Cross Entropy

Cross entropy is closely related to Shannon Entropy:

Shannon entropy is defined for a given discrete probability distribution; it measures how much information is required, on average, to identify random samples from that distribution.

Shannon entropy does not define any coding scheme, but it does define how much information an optimal coding scheme for a given distribution would use, on average, to identify random samples from that distribution.

Consider two distributions, `D` and `\bar D`, each over the same set of states (or symbols), but with distinct probabilities assigned to those states (the letter 'D' is re-used to emphasise that these are distributions over the same set of states).

Cross entropy is defined for the discrete probability distributions `D`, `\bar D`; it measures how much information is required, on average, to identify random samples from `\bar D` when using an optimal coding scheme constructed for `D`. To represent this mathematically we substitute `D` and `\bar D` into the Shannon entropy equation:

$$ H(\bar D, D) = - \sum_i{P(\bar D_i) \log{P(D_i)}} \tag{Cross entropy} $$

Noting that the log expression in the Shannon entropy equation gives the optimal code length for a given probability, hence `D` is substituted in (i.e. the optimal coding scheme for `D` is in use); and the left-hand probability expression represents the probability (or relative frequency) of each state, hence `\bar D` is substituted in there.

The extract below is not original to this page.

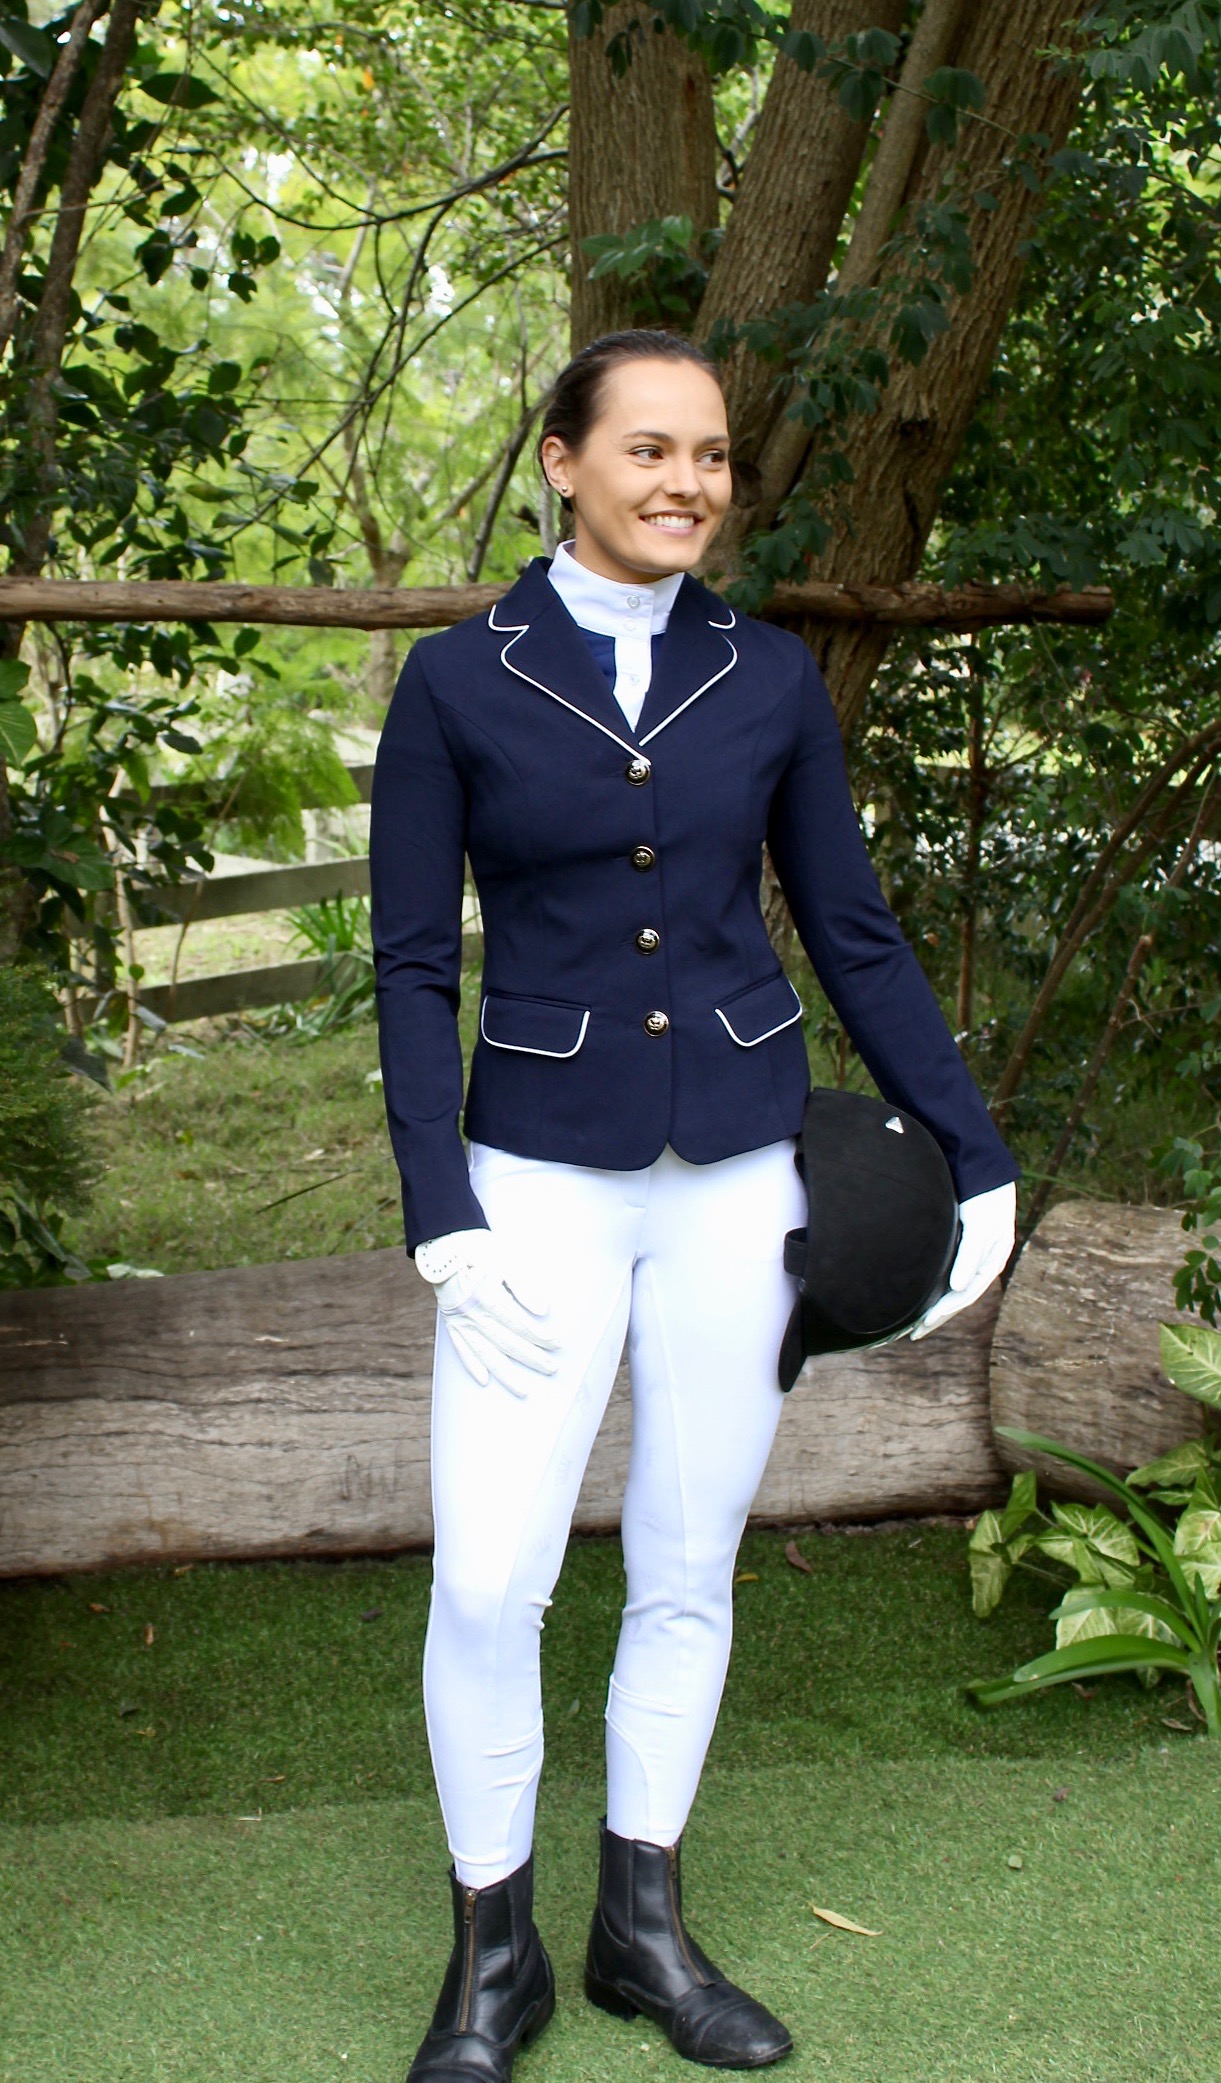 Equestrian, Pro Stretch, Show Jacket-Navy with White Trim - Super Horse ...

Cross Entropy as a Distance or Error Metric

If `\bar D` is identical to `D` then samples from `\bar D` are encoded optimally. If however `\bar D` differs from `D` then the average amount of information per sample increases above the minimum/optimal level defined by the Shannon entropy. Hence, the difference between the Shannon entropy and the cross entropy can be considered a distance metric with respect to two discrete distributions over the same set of states. The unit of distance is 'information per sample', i.e. the amount of additional information (in whatever units are preferred, e.g. bits, trits, etc.) required, on average, to identify a sample from `\bar D`. As such, cross entropy is the definitive measure of quality for a generative model.

I.e. if some model can reproduce a desired target distribution exactly then that model has encoded everything necessary about the system being modelled in order to recreate the target distribution. If however the cross entropy is higher than the target distribution's Shannon entropy, that is an indication that the model is wrong to some degree, and the difference describes the scale of that error in the fundamental units of how much information is required to correct it.

Colin,
October 20th, 2016